Samostanowienie i więź – „Osiem gór” jako historia rozwoju i pojednania

Wyzwanie samostanowienia ponad romantyczną miłością

Dla obu mężczyzn pogoń za romantyczną miłością okazuje się drugorzędna w stosunku do wyzwania, jakim jest samostanowienie. Bruno spełnia swoje długo skrywane marzenie i staje się wiejskim rolnikiem oraz wytwórcą serów, tak jak jego przodkowie. Pietro natomiast poszukuje odkrycia samego siebie, pragnie zostać pisarzem i przede wszystkim wędrowcem. Widoczne są różnice nawet w sposobie ich prezentacji: Pietro wyróżnia się jasnymi ubraniami, obracającymi się czapkami i bandanami, podczas gdy Bruno preferuje jasne odcienie ziemi, jakby chciał zlewać się z górską scenerią. Jednak w miarę jak ich życie toczy się naprzód – Pietro próbując zrozumieć samego siebie, a farma Bruna przeżywając trudne czasy – stają się kontrastowymi, uzupełniającymi się portretami niedoskonałości, zmagającymi się z nadmiernym przywiązaniem lub jego brakiem.

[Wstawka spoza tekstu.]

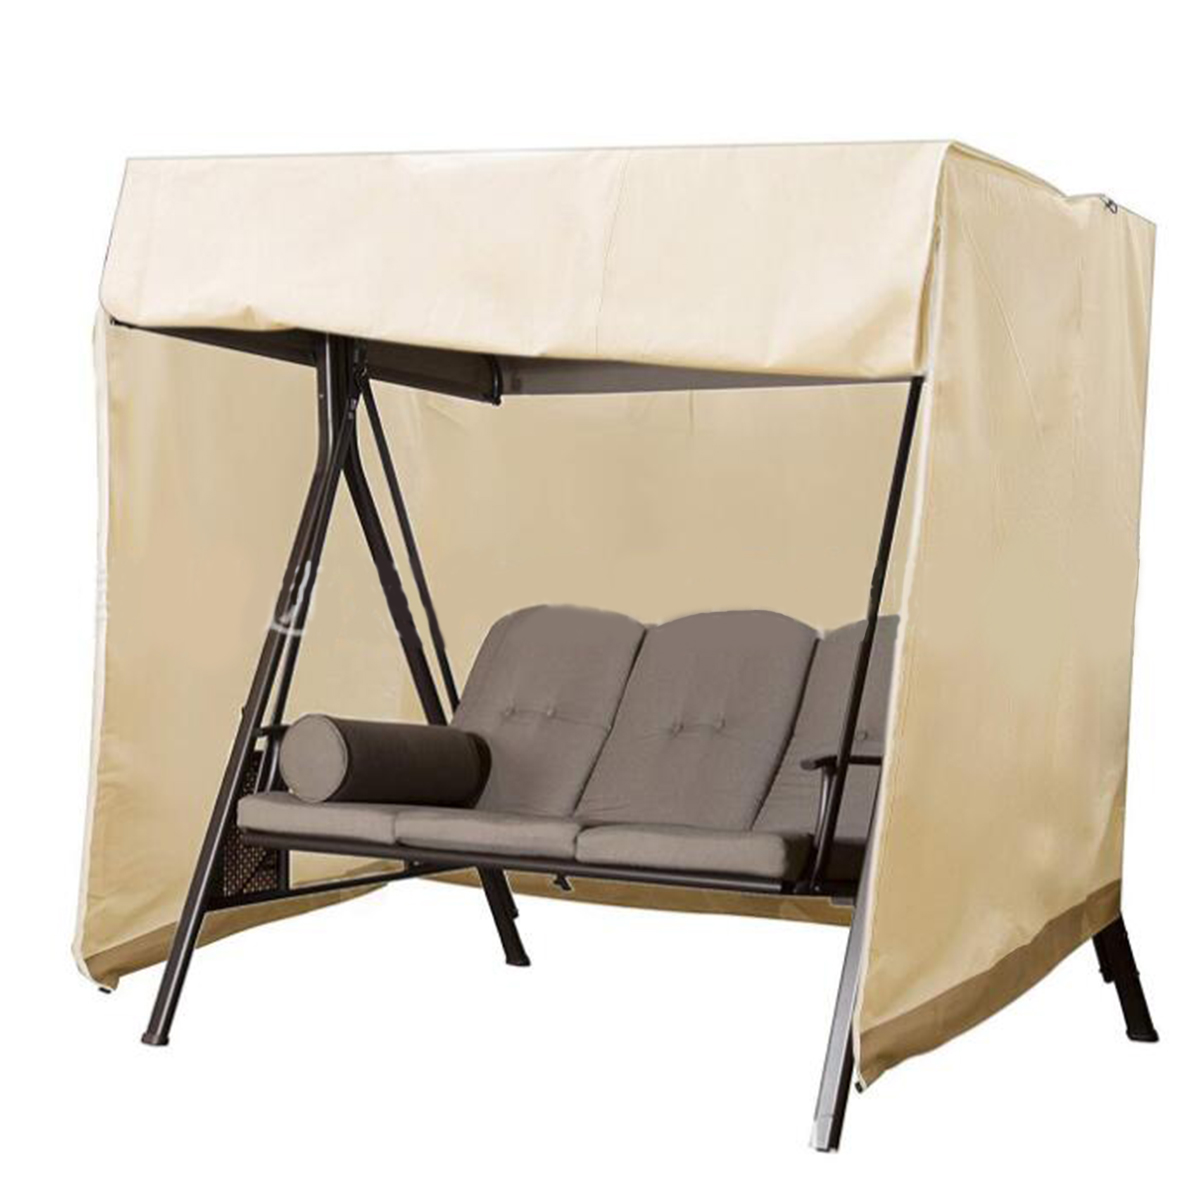 Heavy Duty 3 Seater Swing Waterproof Cover Garden Patio Hammock Chair Outdoor Furniture UV Rain Dust Protector(China)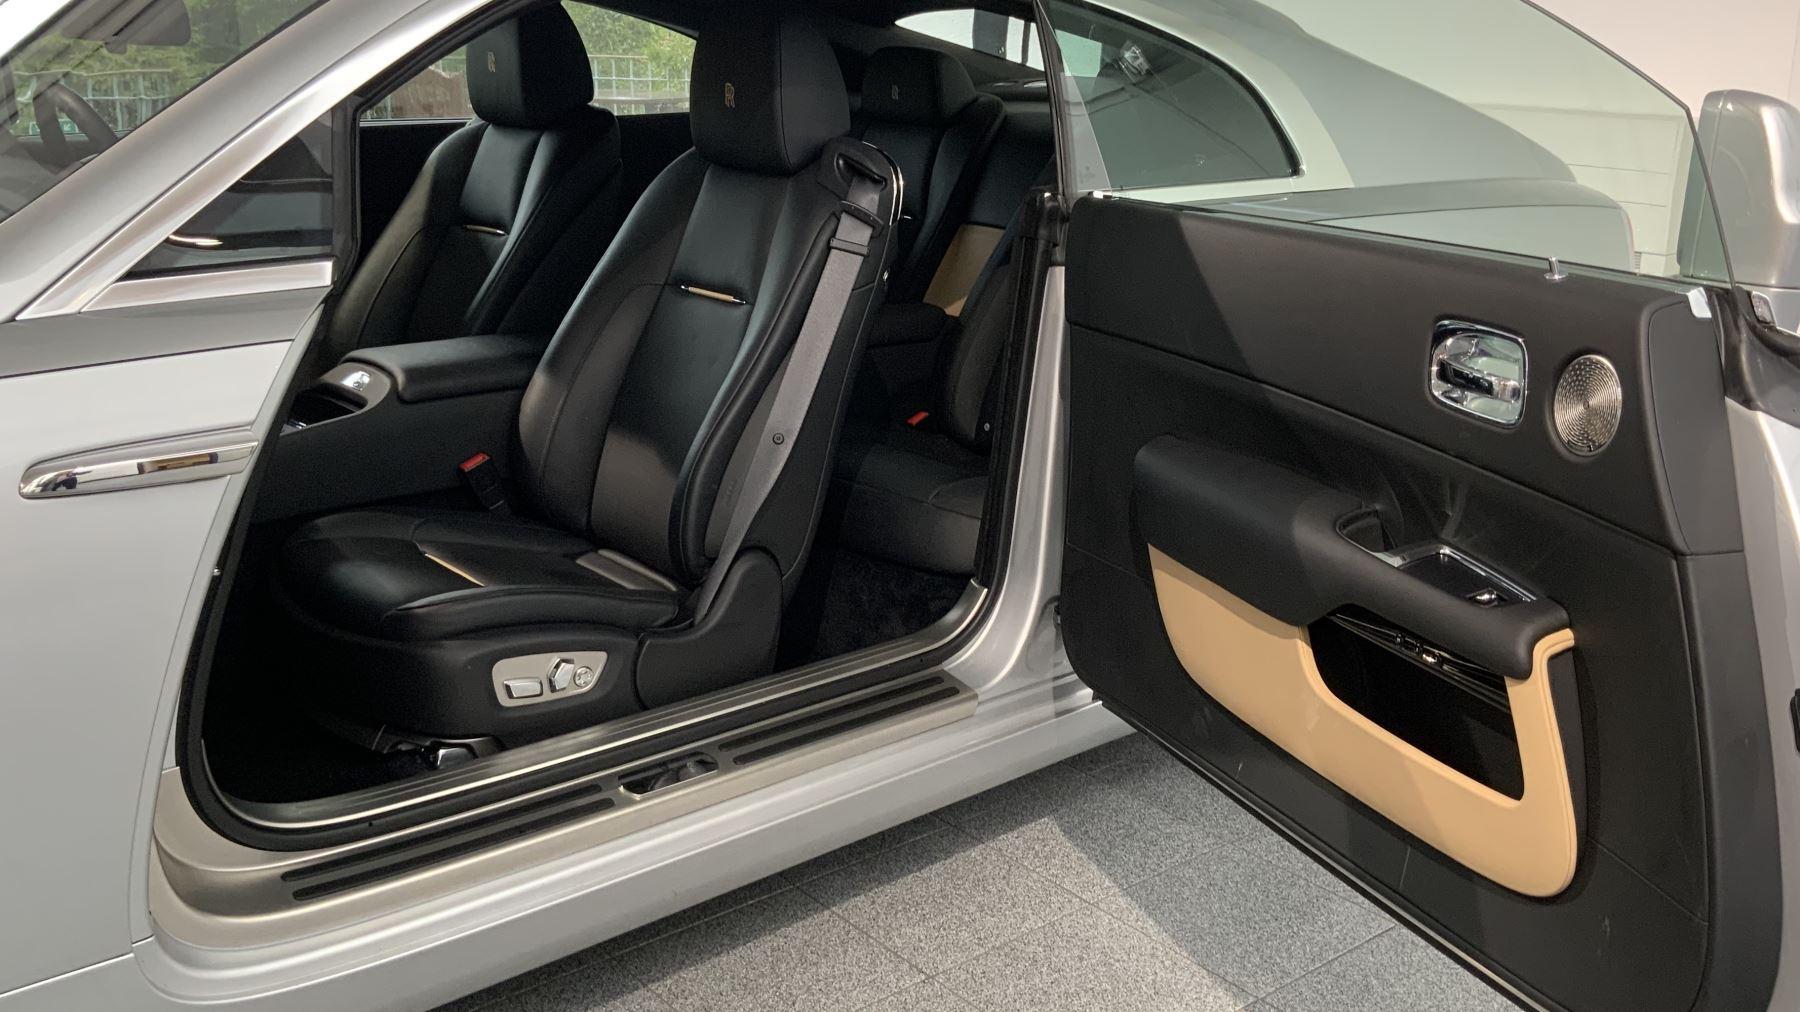 Rolls-Royce Wraith V12 image 22

Harmonia aktorska i filmowa oprawa

Film Osiem gór unika nadmiaru binarnych dramatycznych konstrukcji na papierze. Żyje on w pięknie zgranych występach Marinellego i Borghiego, w ich wyrazistej fizyczności i intensywnych, chociaż czasem niepewnych emocjach. Muzyka Daniela Norgrena dodaje przyjemności, a majestatyczne kompozycje Rubena Impensa zapierają dech w piersiach. Van Groeningen, znanego z wcześniejszych filmów takich jak „Przerwany krąg” i „Piękny chłopiec”, tworzy bogaty, delikatnie skromny światopogląd, który zapewnia przestrzeń dla każdej postaci i ich walk, unikając sprowadzania ich do prostych symboli czy oczywistych napięć. Film nie traktuje zdrady czy odkupienia jako jednoznacznych czynników, które uczynią mężczyzn lepszymi ojcami dla dzieci, które nie są ich własne. Skupia się raczej na nieprzewidywalności natury, która może być zarówno raną, jak i balsamem. Jedną z najwdzięczniejszych niespodzianek w historii pełnej straty i żalu jest sposób, w jaki zastępcza więź Giovanniego i Bruna ostatecznie otwiera Pietro drzwi do głębszego pojednania. Pozwala mu pogodzić się z ojcem, którego ledwo znał, i z przyjacielem, którego kocha bardziej, niż jest w stanie pojąć.